(Stored data):
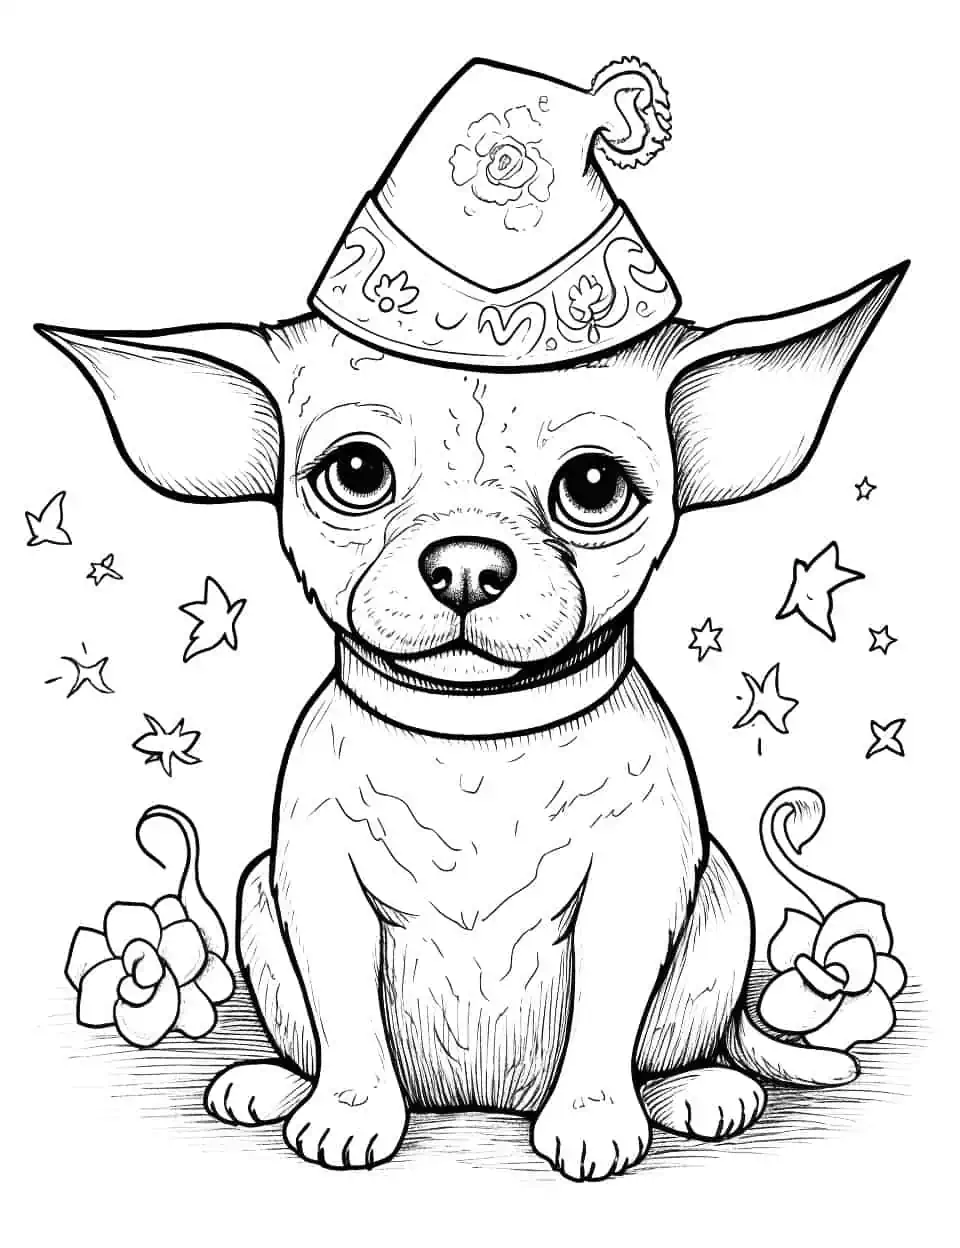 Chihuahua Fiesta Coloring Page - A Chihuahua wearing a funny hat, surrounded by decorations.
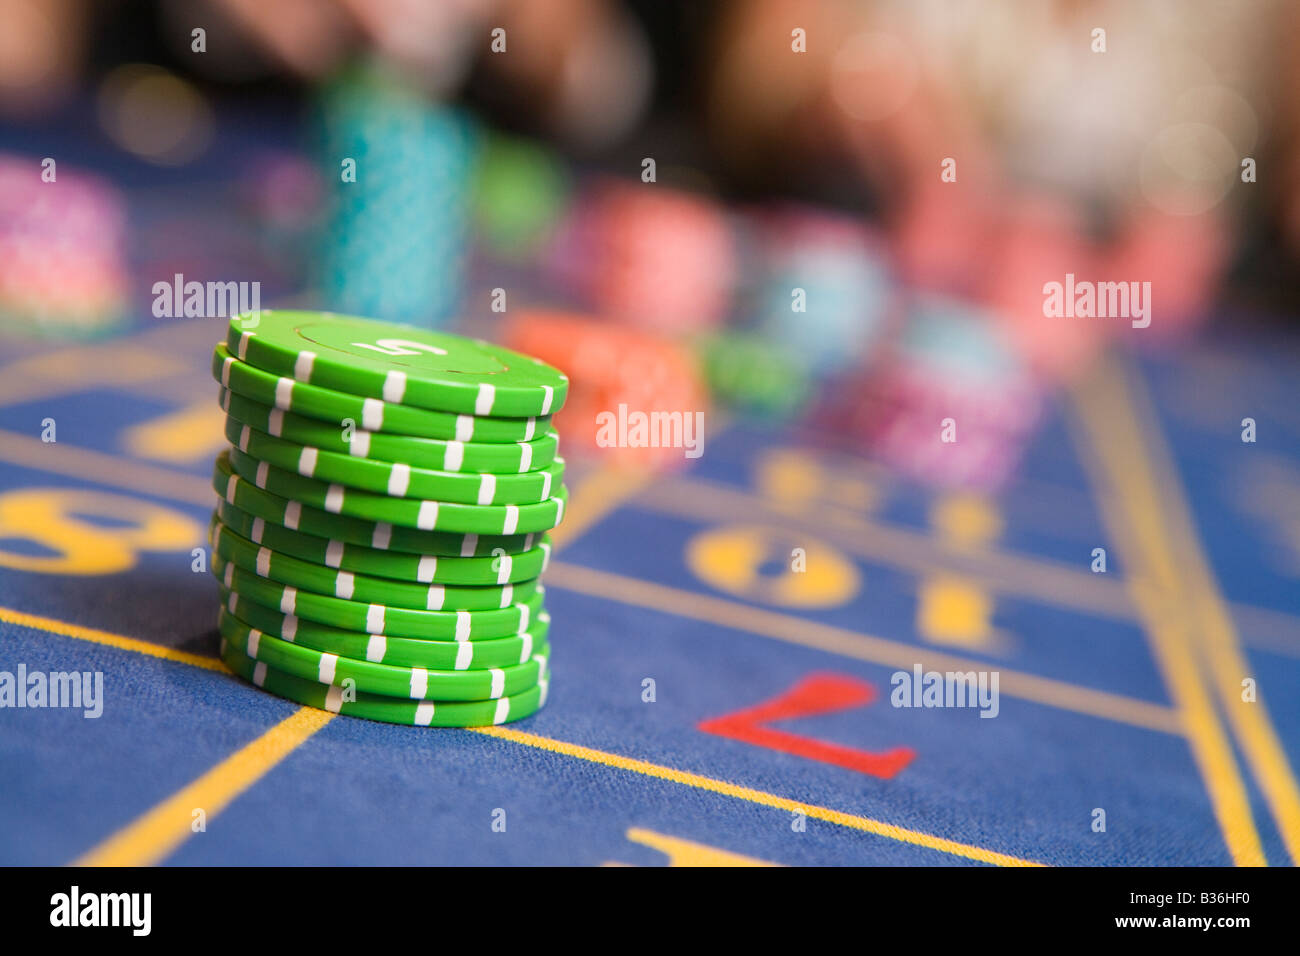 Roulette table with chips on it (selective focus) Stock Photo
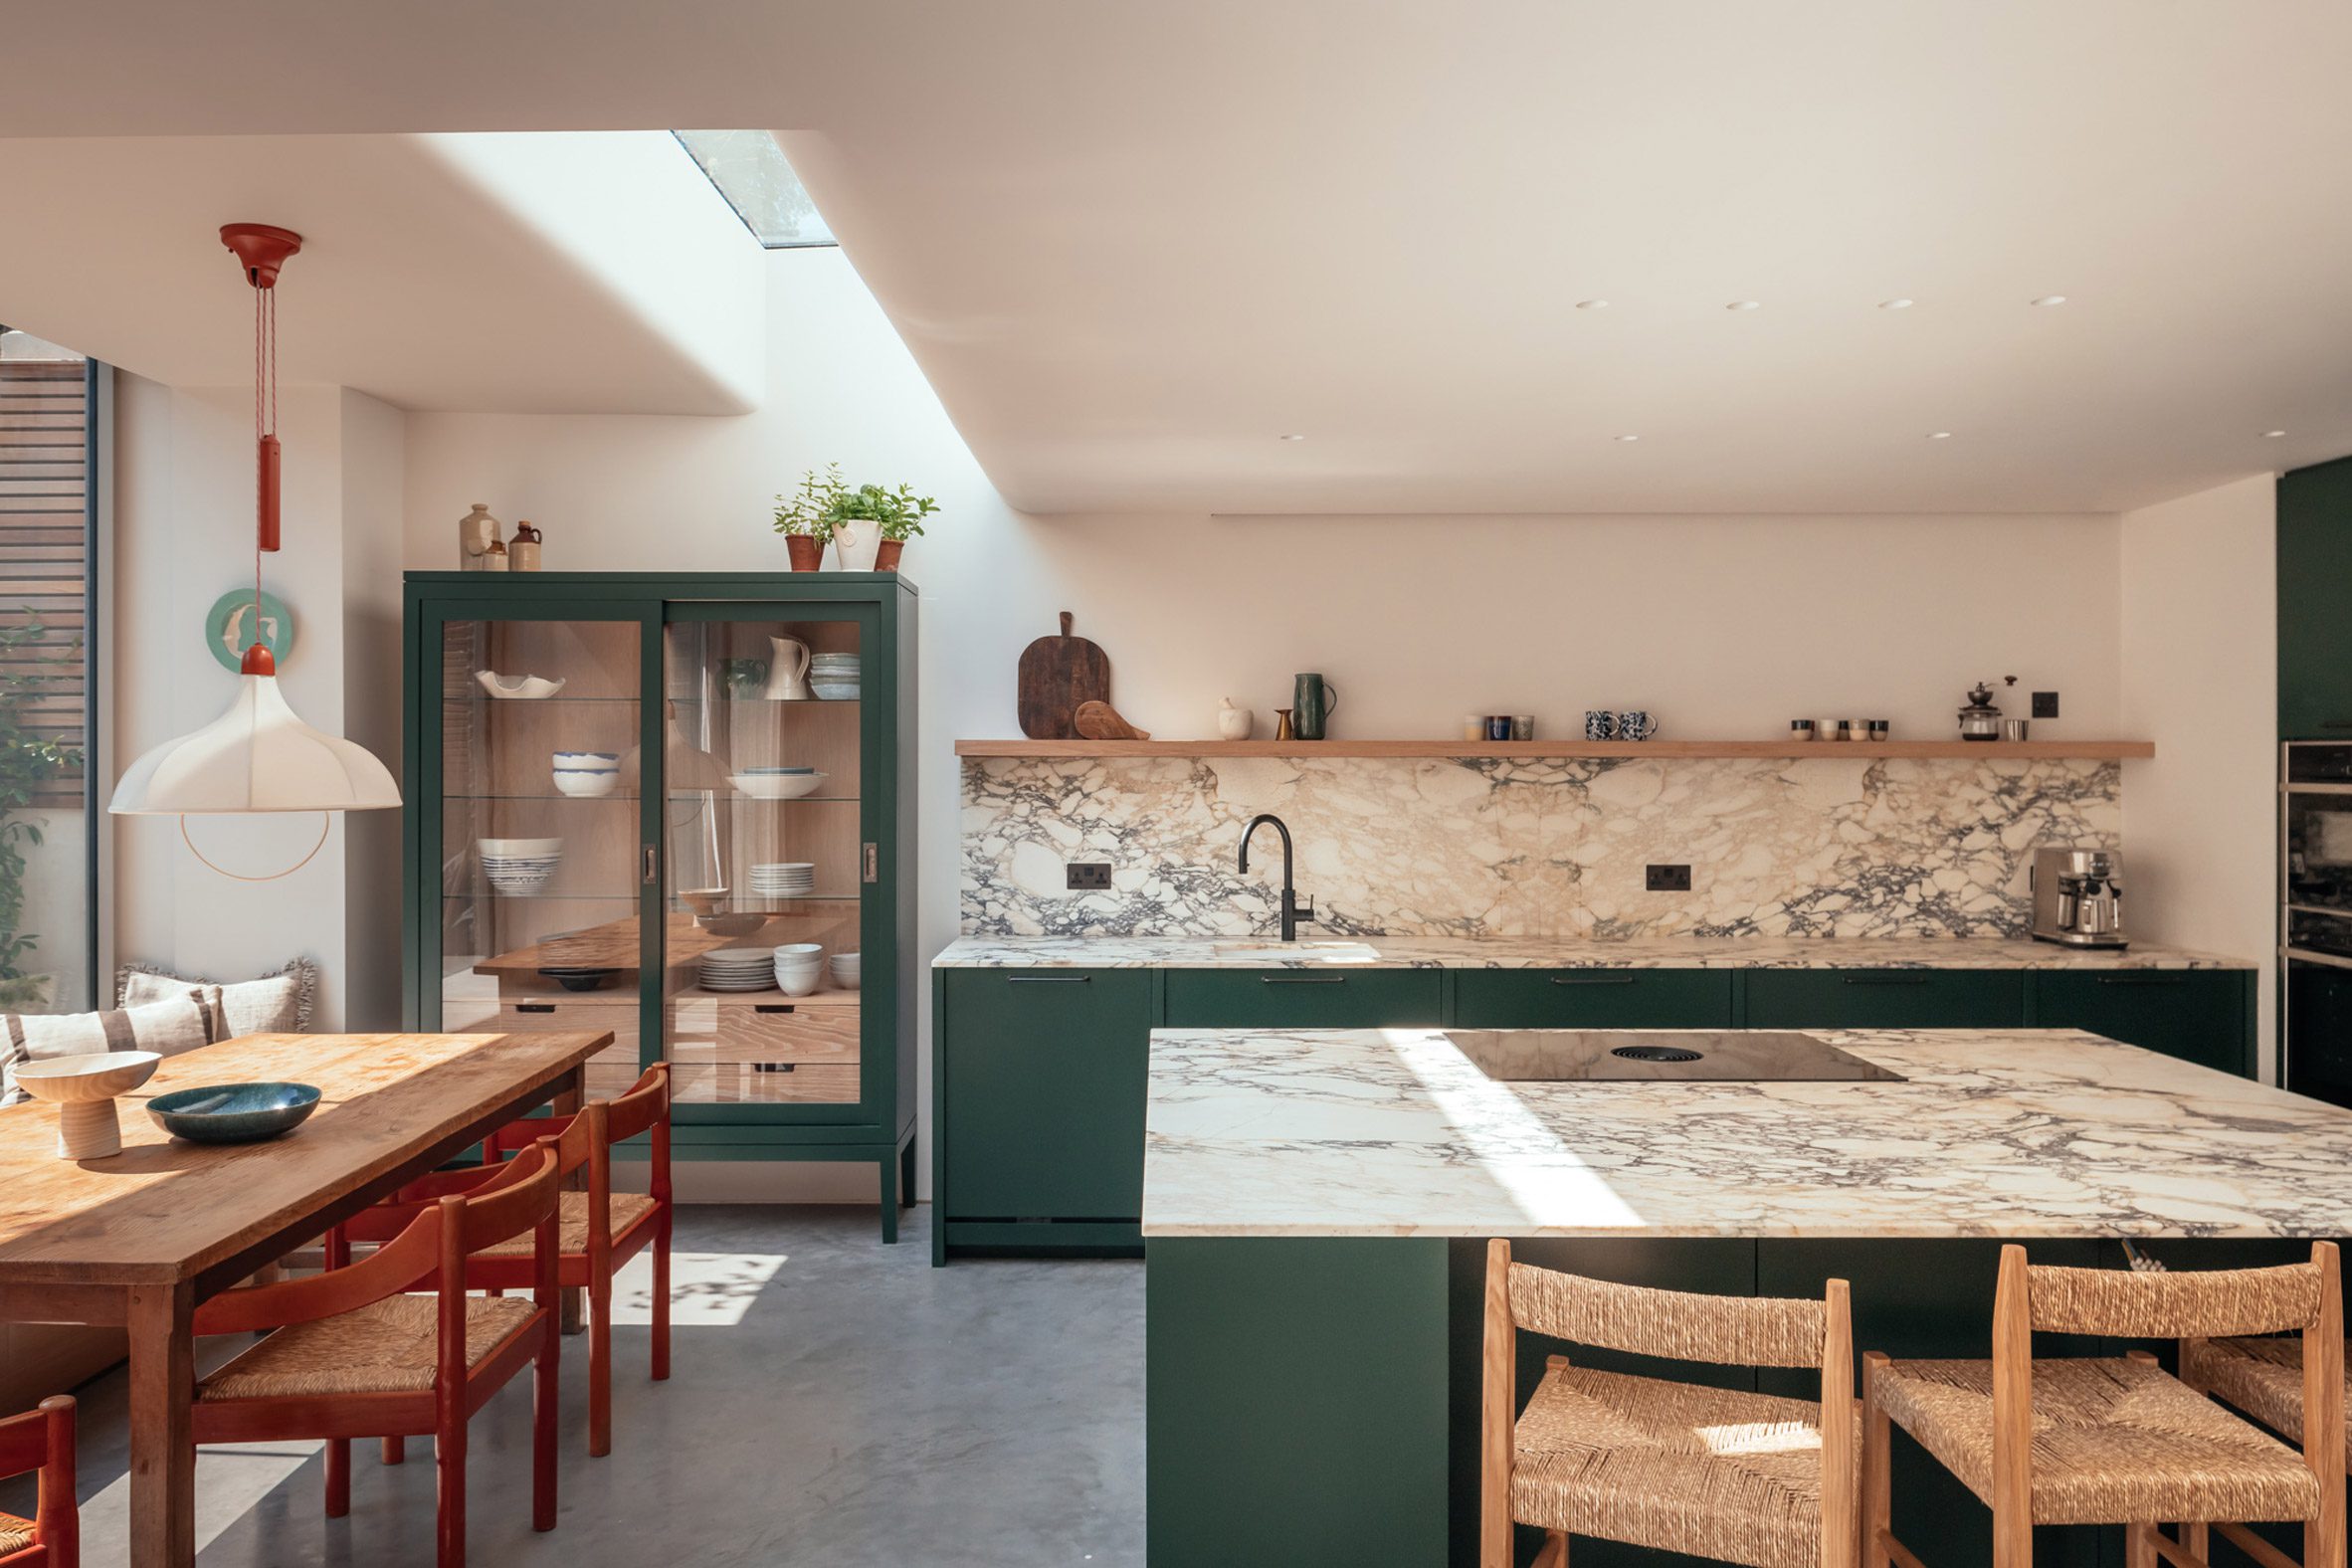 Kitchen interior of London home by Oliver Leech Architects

(Problem details):
Write out the data in full and exactly as given, though without the images.

(Result of the task):
 Chihuahua Fiesta Coloring Page - A Chihuahua wearing a funny hat, surrounded by decorations.
 Roulette table with chips on it (selective focus) Stock Photo
 Kitchen interior of London home by Oliver Leech Architects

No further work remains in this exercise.